The following article is adapted from the introduction to The Purcell Society’s edition of John Blow’s Venus and Adonis and is used with permission.
The librettist of Venus and Adonis has very recently been identified by James Winn as Anne Kingsmill, subsequently married as Anne Finch, who in the early 1680s was one of the Maids of Honour to Maria Beatrice of Modena, Duchess of York. It was evidently at the behest of the Duchess – a music-lover, and one whose sophisticated taste ran to opera in particular – that the production of Calisto, the only other full-scale court masque in the reign of Charles II, had taken place in 1675.
Like that work, as Professor Winn observes, Venus and Adonis adopts a classical myth, features pastoral lovers, and focuses on female characters (Calisto, indeed, had an all-female cast – including Mary Davies, in her only return to the boards after her retirement save for her subsequent appearance in Venus and Adonis). He further notes that much of the second act of Venus and Adonis, which is unconnected with the myth, instead directly portrays the duties and interests of the Maids of Honour (represented in the masque by the Graces).
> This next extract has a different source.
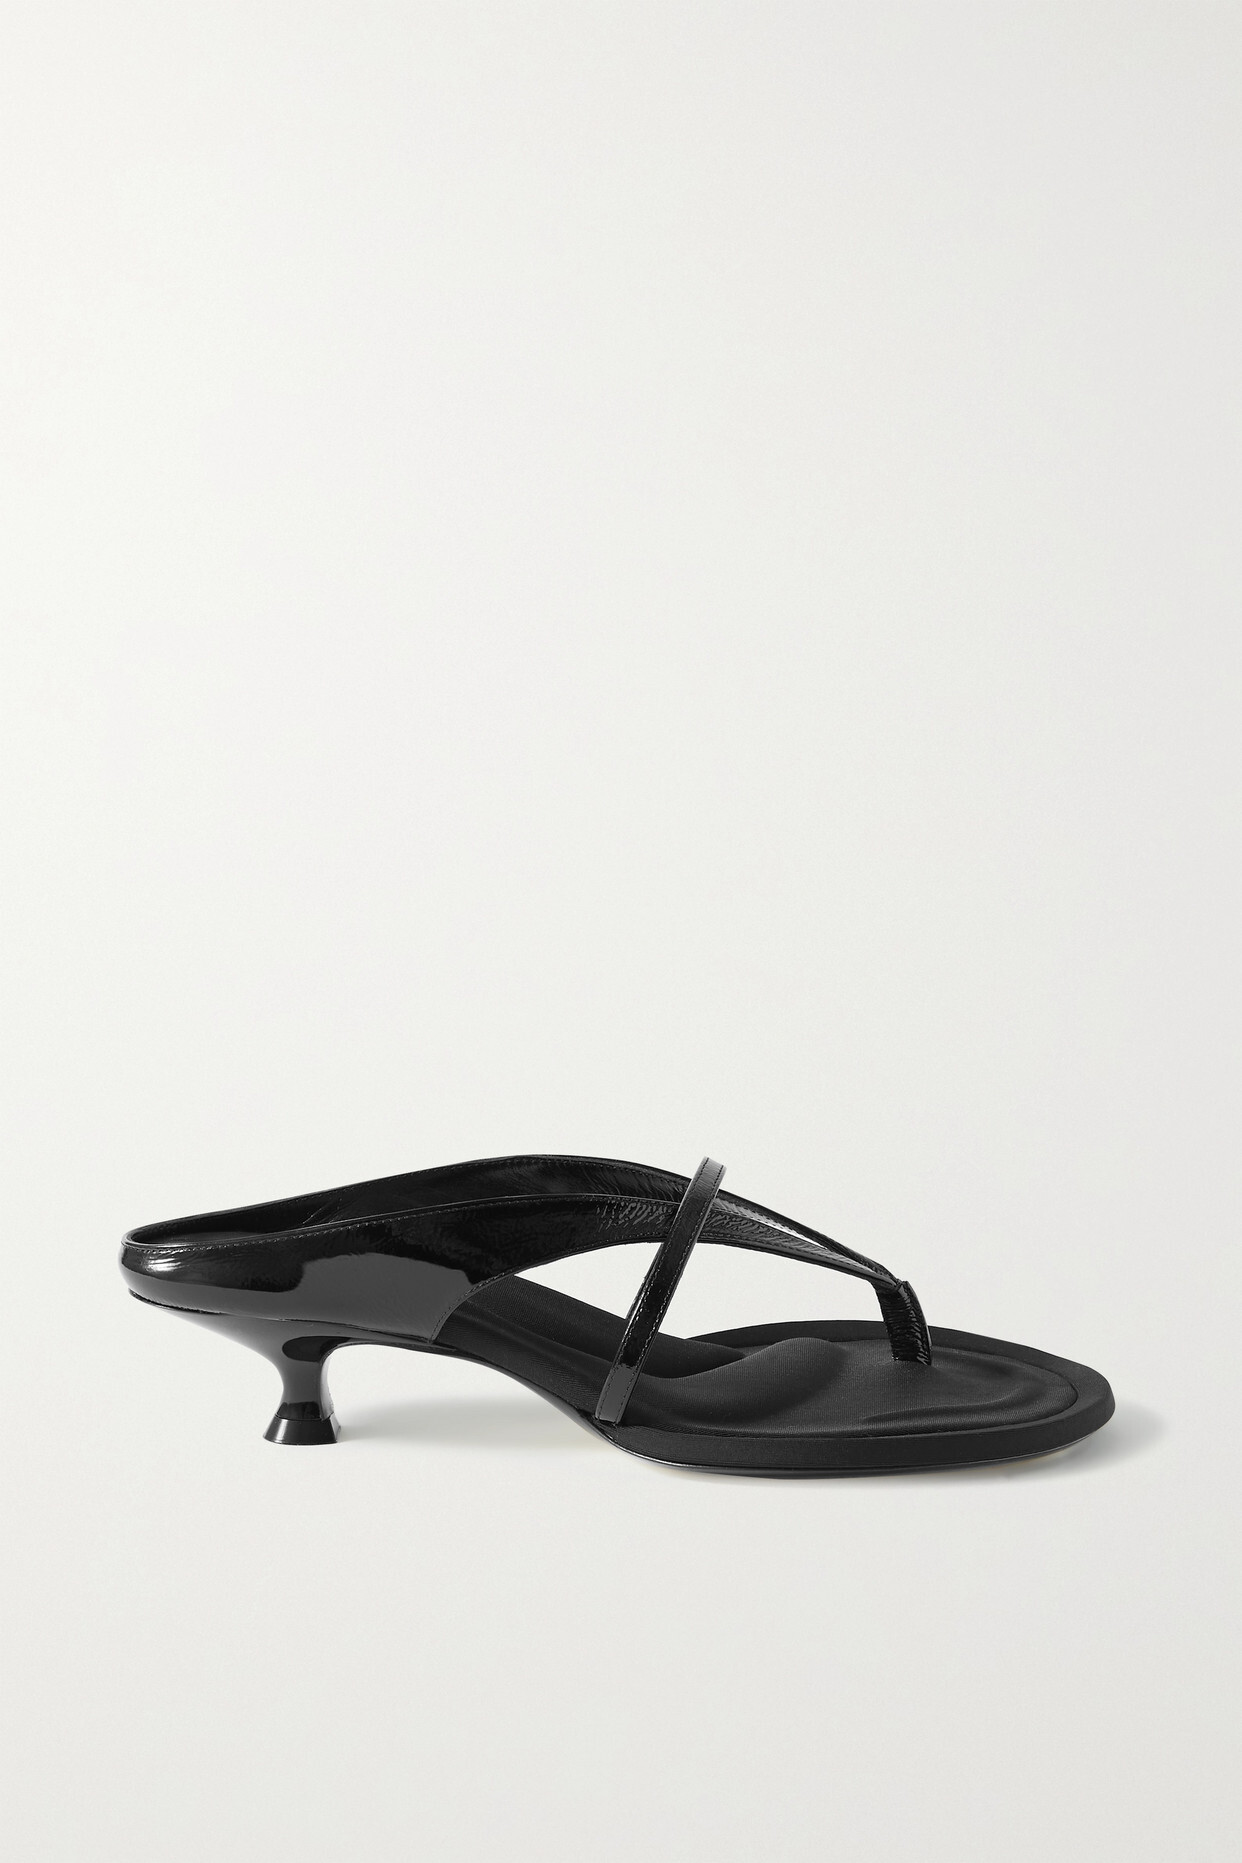 Khaite - Monroe Crinkled Patent-leather Sandals - Black
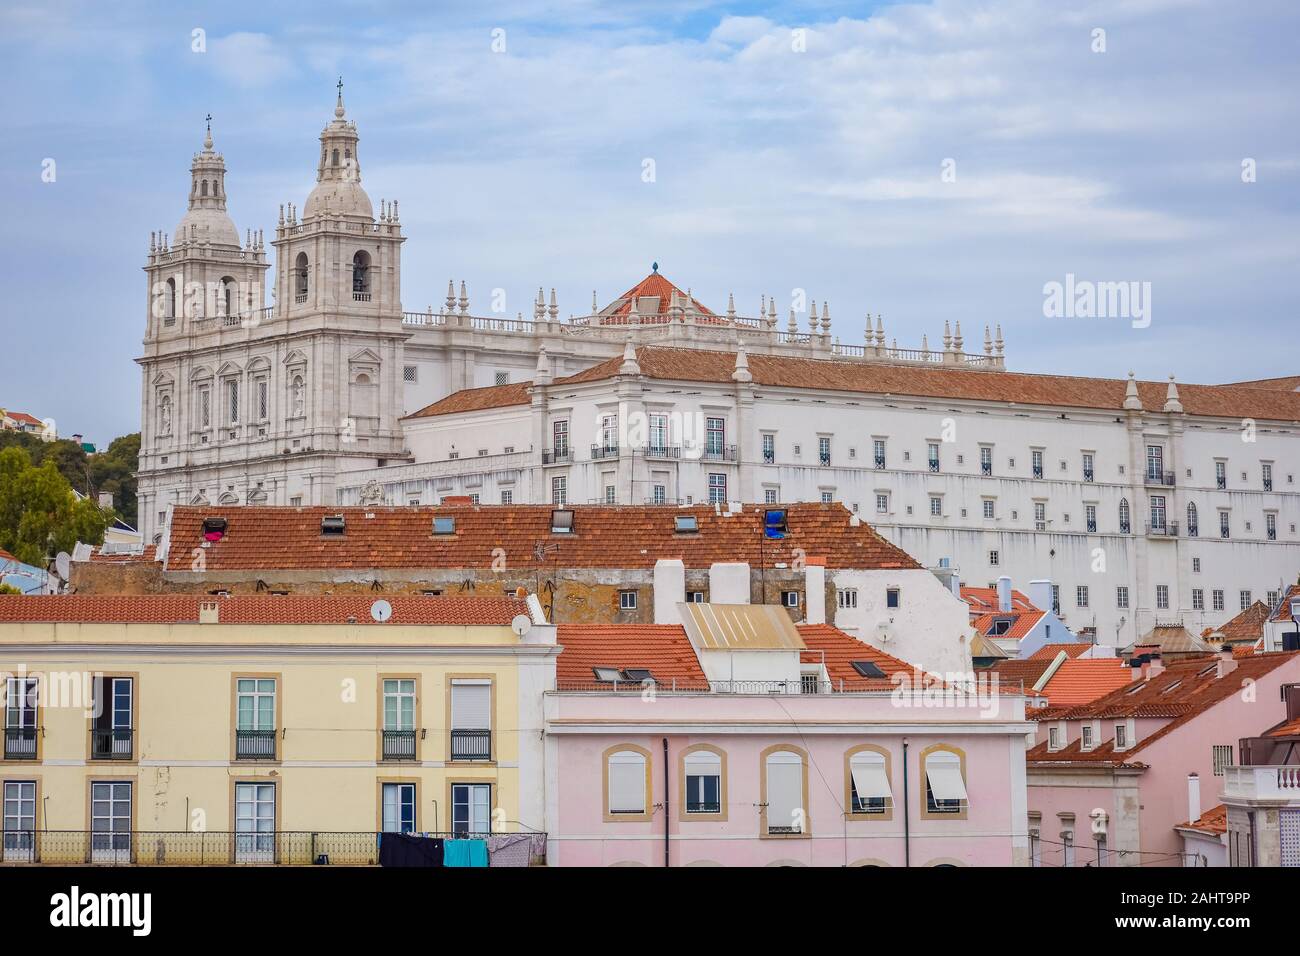 Le pareti colorate degli edifici di Lisbona, con tetti di colore arancione e la chiesa di Sao Vicente di consessi in background. Giornata di sole e cielo blu in estate Foto Stock

Throughout much of the libretto the mythical central plot-line is intertwined with other references to aspects of court life. The classical sources, with which Kingsmill was evidently very well acquainted, are treated with considerable freedom – the most obvious liberty taken with the traditional narrative being the reversal, in Act I, of Adonis’s eagerness to go hunting and Venus’s reluctance to accede to it. (An attempt has been made to read political allegory into this reversal, but it is far more likely that the intention was simply to intensify the tragic climax, by laying the responsibility for Venus’s bereavement at her own door.) Venus’s instruction of Cupid in the arts of perverse marksmanship, in Act II, has no specific basis in myth, though the notion that he should “make some love they know not why” is firmly established in Western tradition, as is Cupid’s advice to Venus that the best guarantee of a lover’s fidelity is to “use him very ill”. And Adonis’s hounds in Act I are, curiously, among the roll-call of those of a different huntsman, Actæon, given in Ovid’s Metamorphoses, III:
dum dubitat, uidere canes primique Melampus
Ichnobatesque sagax latratu signa dedere,
Cnosius Ichnobates, Spartana gente Melampus.
(While he [Actæon, now transformed into a stag] was hesitating, he was seen by his dogs;
Melampus and keen Ichnobates were the first to give the signal with their bark,
Ichnobates was a Cnossian and Melampus of Spartan breed.)
et substricta gerens Sicyonius ilia Ladon …
(and Sicyonian Ladon with the hollow flanks …)
… hirsutaque corpore Lachne …
(… and shaggy Lachne …)
Ovid records the names of 36 of the 50 hounds, and it appears that Kingsmill, perhaps over-relying on memory when drawing on a classical source she knew well, confused Ladon – who is described in the libretto as “strong and bold” – with another of his fellows:
praeualidusque Lacon …
(and Lacon, who was outstandingly strong …)
A literal translation of the two names tends to confirm this, for Ladon means Catcher, while Lacon means Spartan. (As for the names of the other dogs, Melampus translates as Black-foot and Lachne as Shag.)
With the exception of the Graces’ scene all the contemporary references in the libretto are gently satirical in tone. Two of them, Cupid’s little homily on fidelity in the Prologue and parts of the dialogue between Cupid and Venus in Act II, deal with the mores and especially the sexual morals of the court. One satirical sally in the libretto has a different and unexpected target – the composer, who joined in the joke with obvious relish. It was Blow who, as Master of the Children of the Chapel Royal, was responsible for teaching his young charges to read and write: the Cupids’ Lesson in Act II gives us an amusing glimpse of his methods, and through his own eyes at that!